Below are records; the lines starting at the one with "As finais da" and ending at the one with "Portique du Temple" must be reproduced exactly, both included. Pictures must not appear.

● Exercise data:

+--

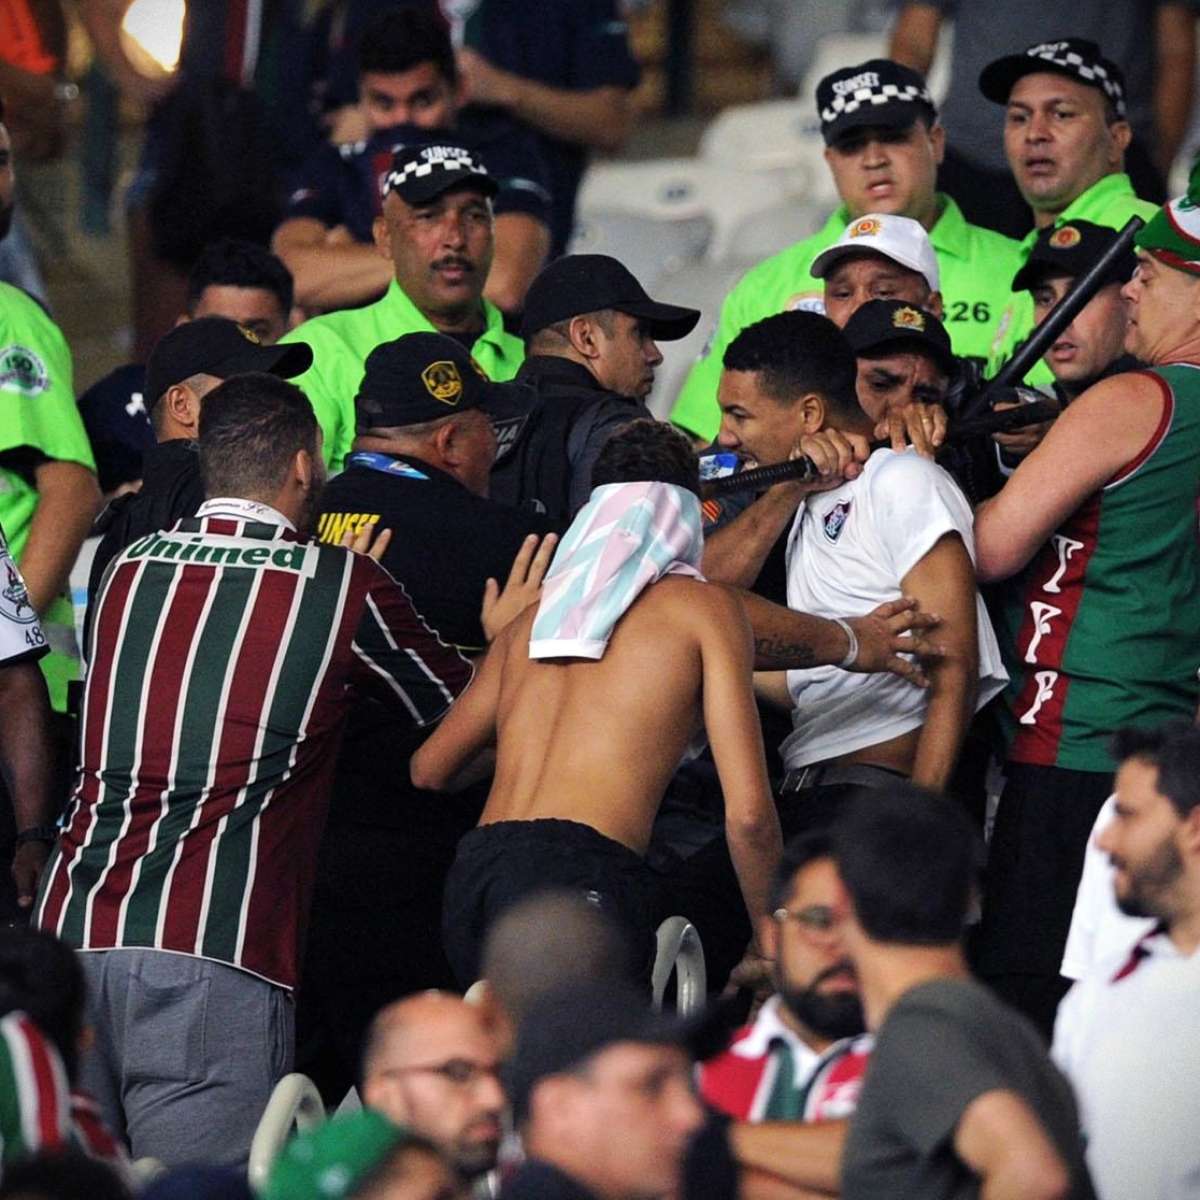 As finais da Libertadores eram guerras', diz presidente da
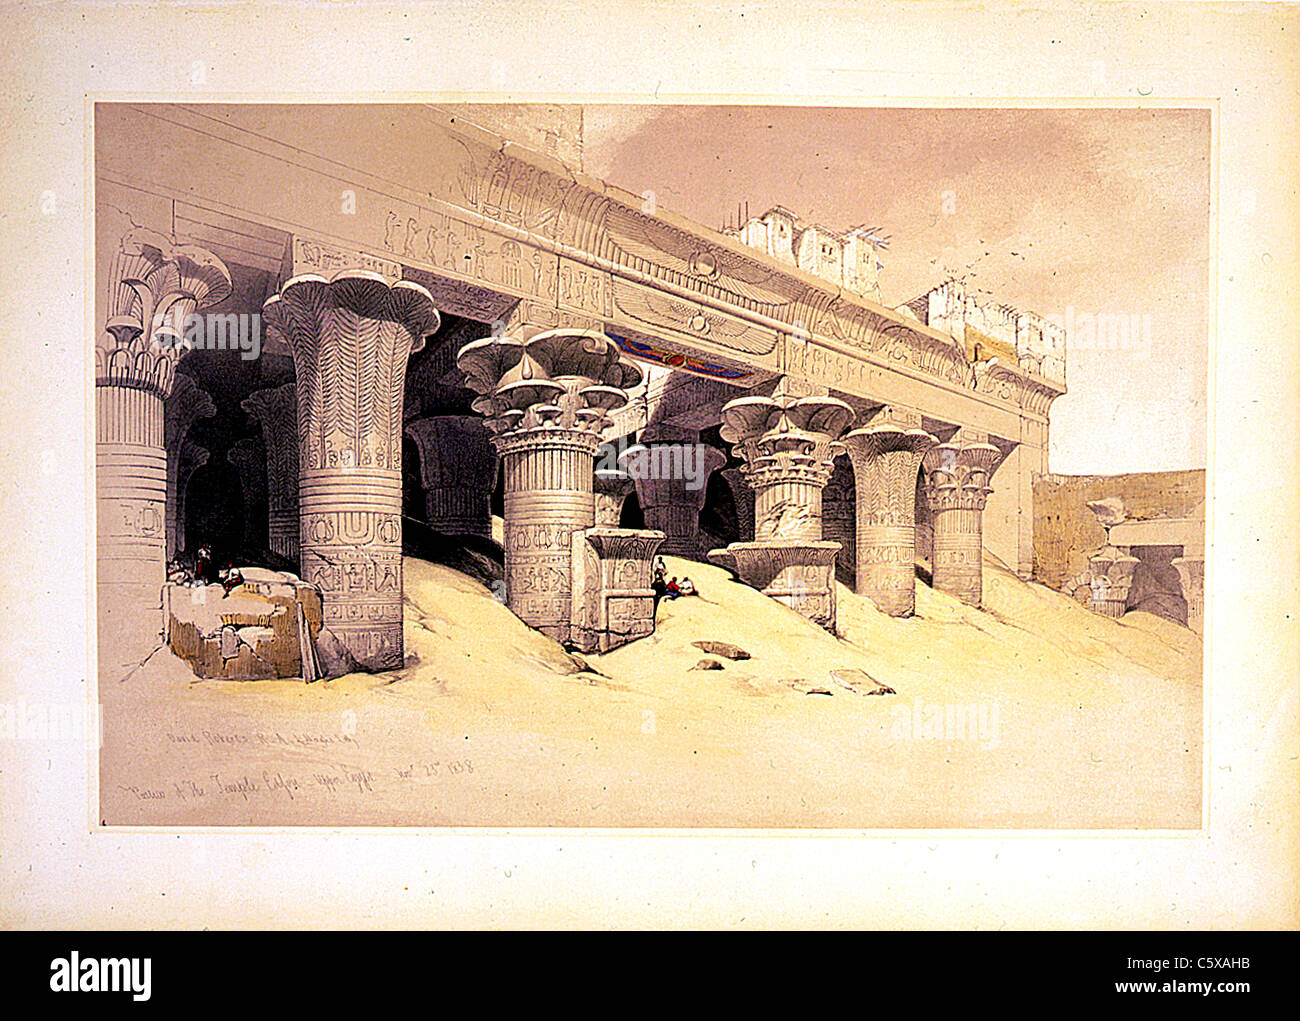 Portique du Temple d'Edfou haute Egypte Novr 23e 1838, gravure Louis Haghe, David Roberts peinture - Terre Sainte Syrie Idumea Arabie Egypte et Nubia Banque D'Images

+--

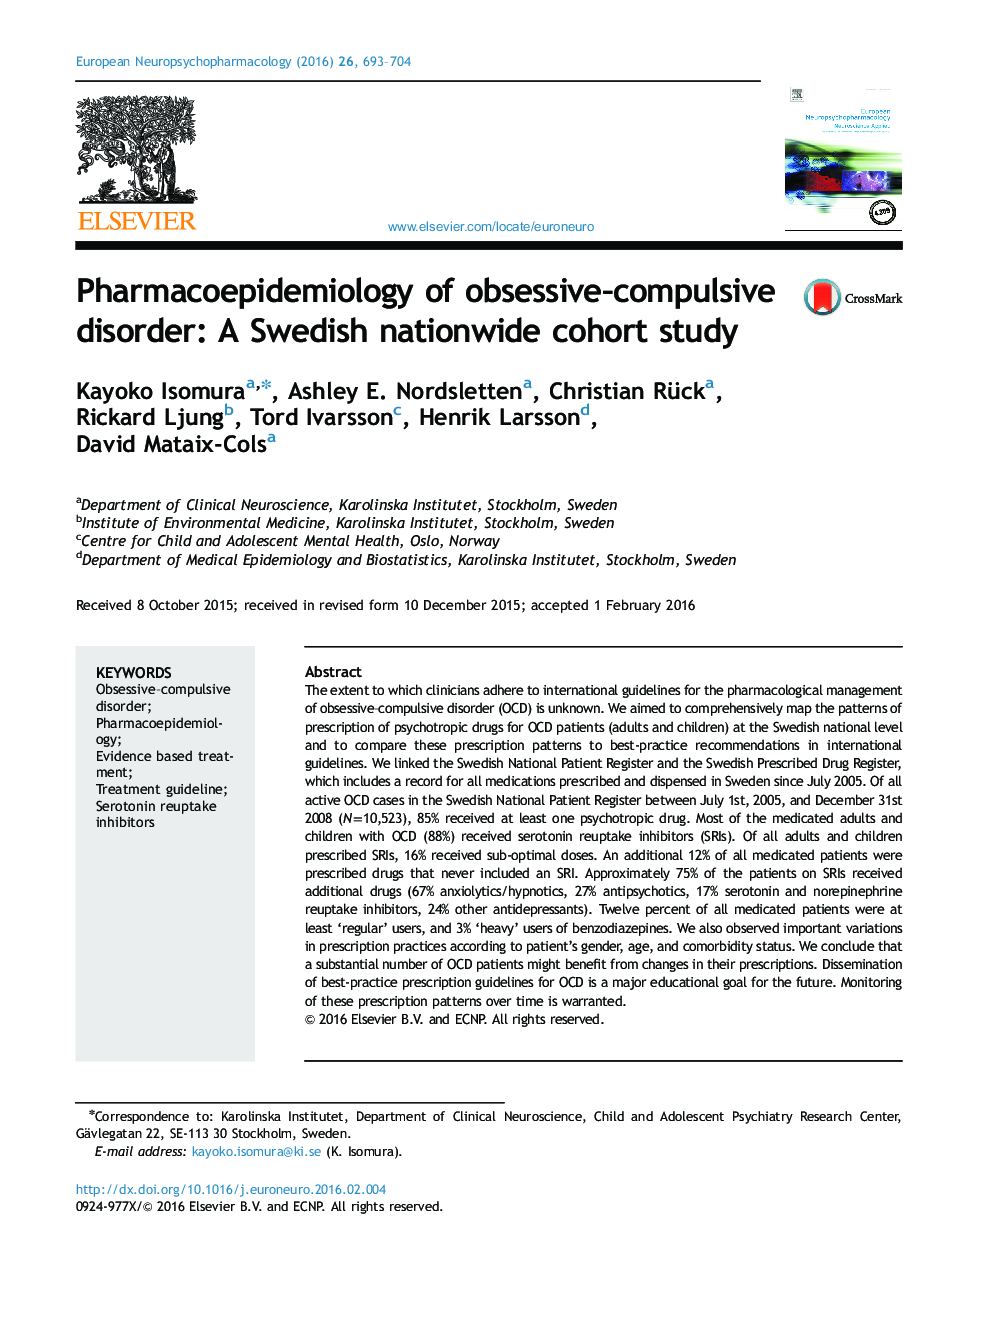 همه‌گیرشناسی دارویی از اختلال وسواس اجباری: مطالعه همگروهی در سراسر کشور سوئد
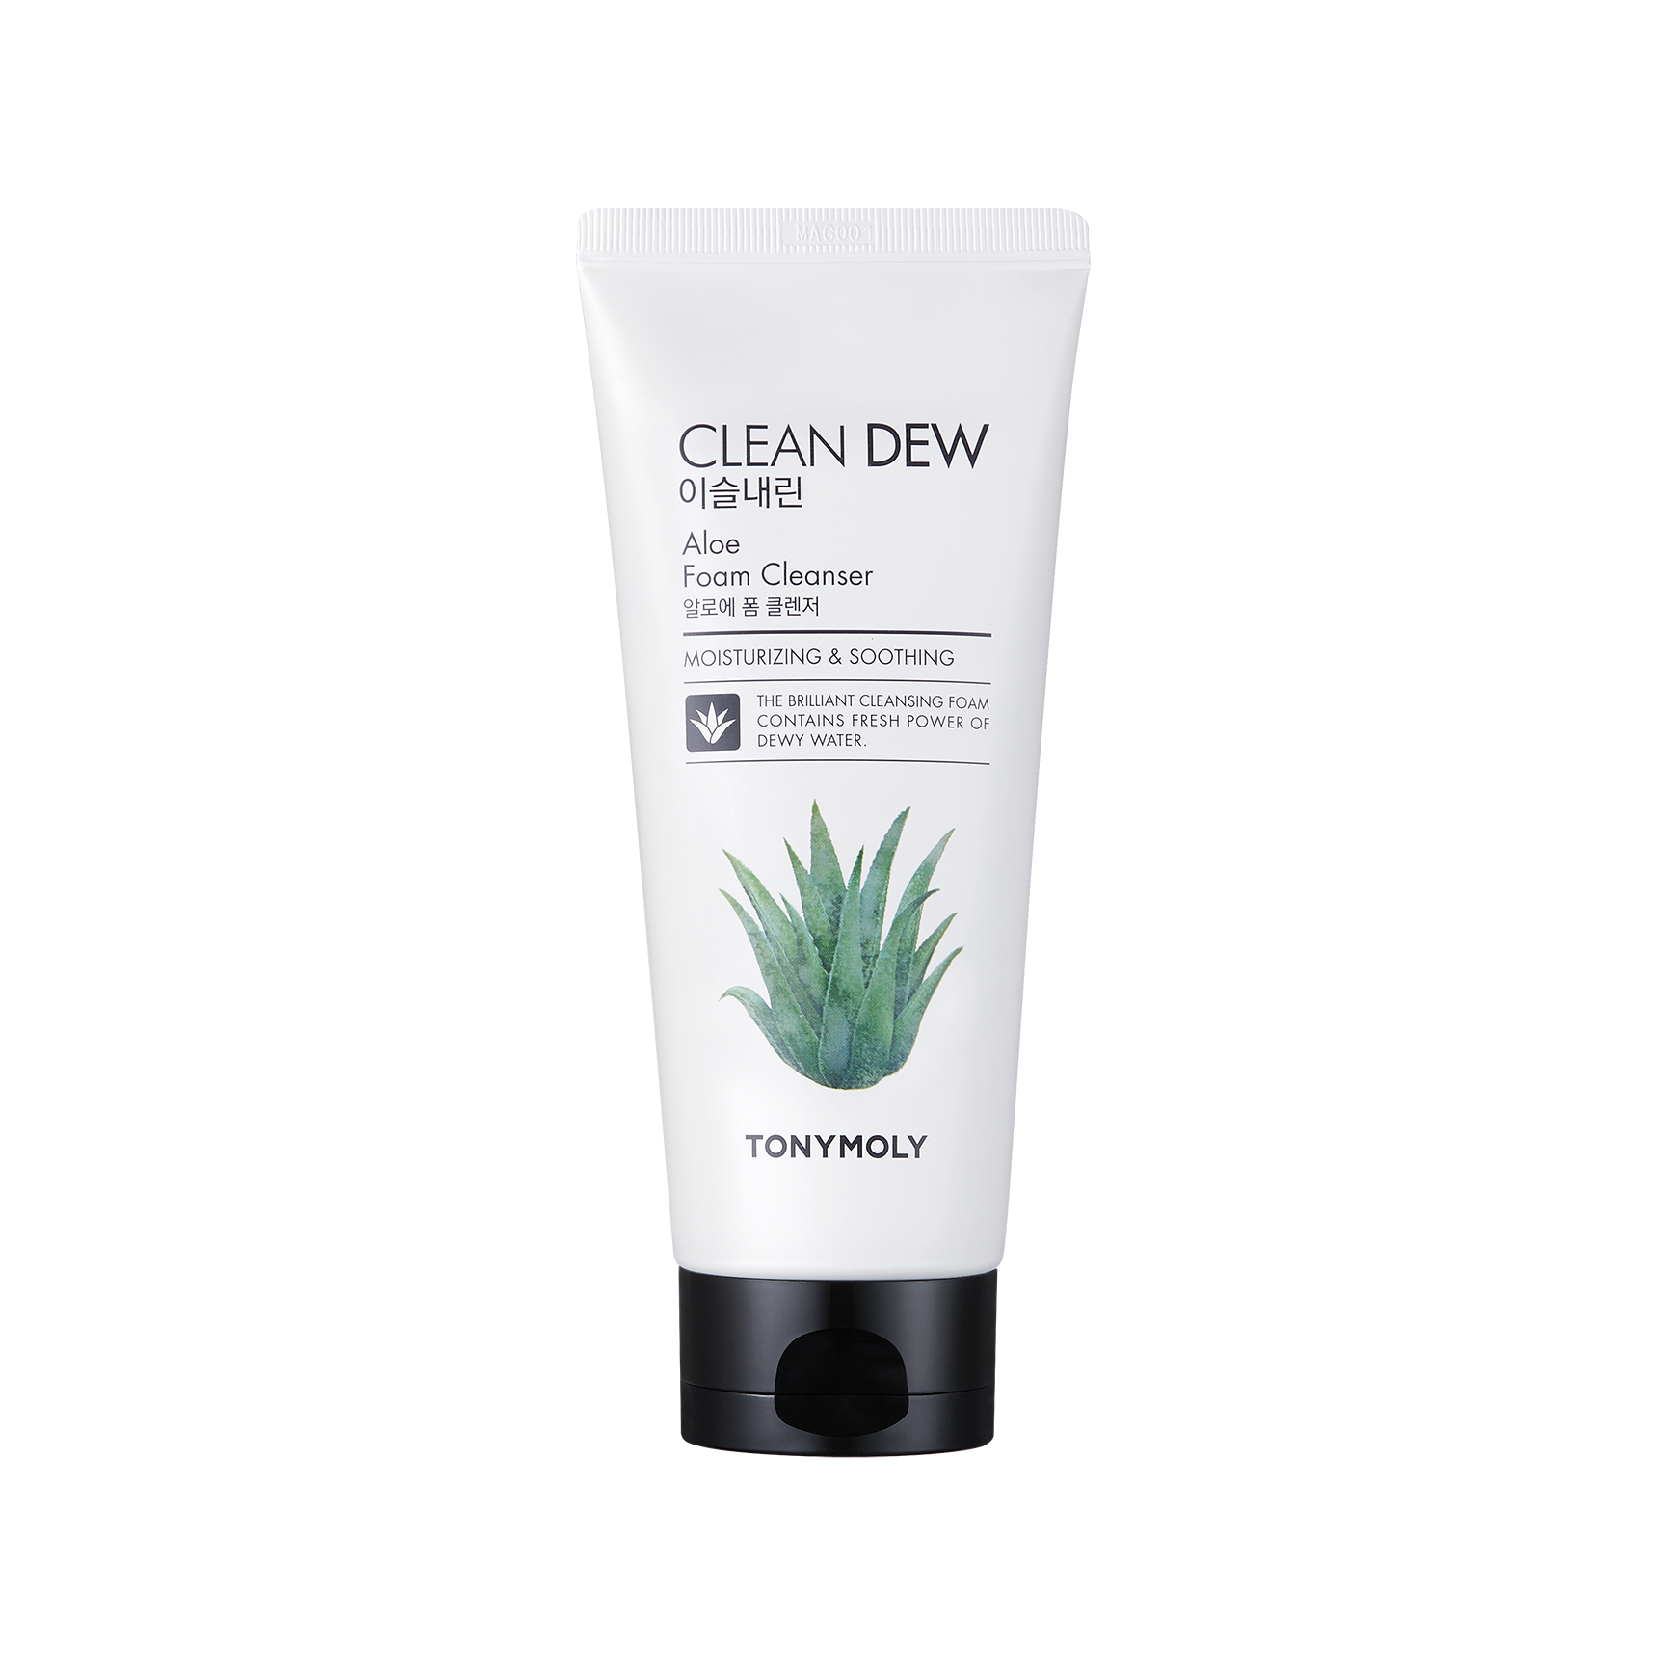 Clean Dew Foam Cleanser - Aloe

+--

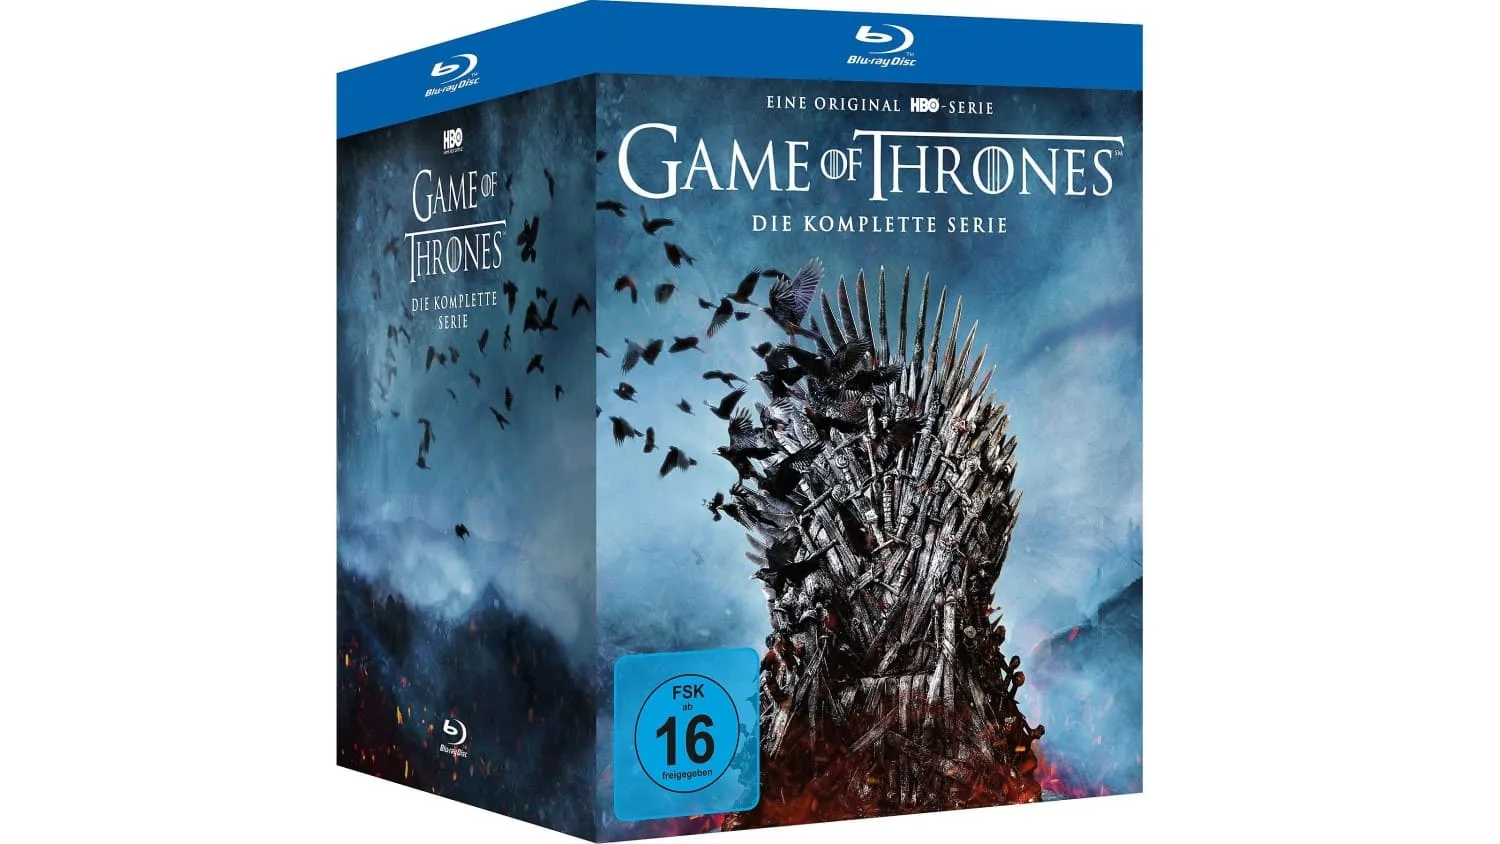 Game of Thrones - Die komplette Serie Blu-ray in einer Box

+--

● Result:
 As finais da Libertadores eram guerras', diz presidente da
 Portique du Temple d'Edfou haute Egypte Novr 23e 1838, gravure Louis Haghe, David Roberts peinture - Terre Sainte Syrie Idumea Arabie Egypte et Nubia Banque D'Images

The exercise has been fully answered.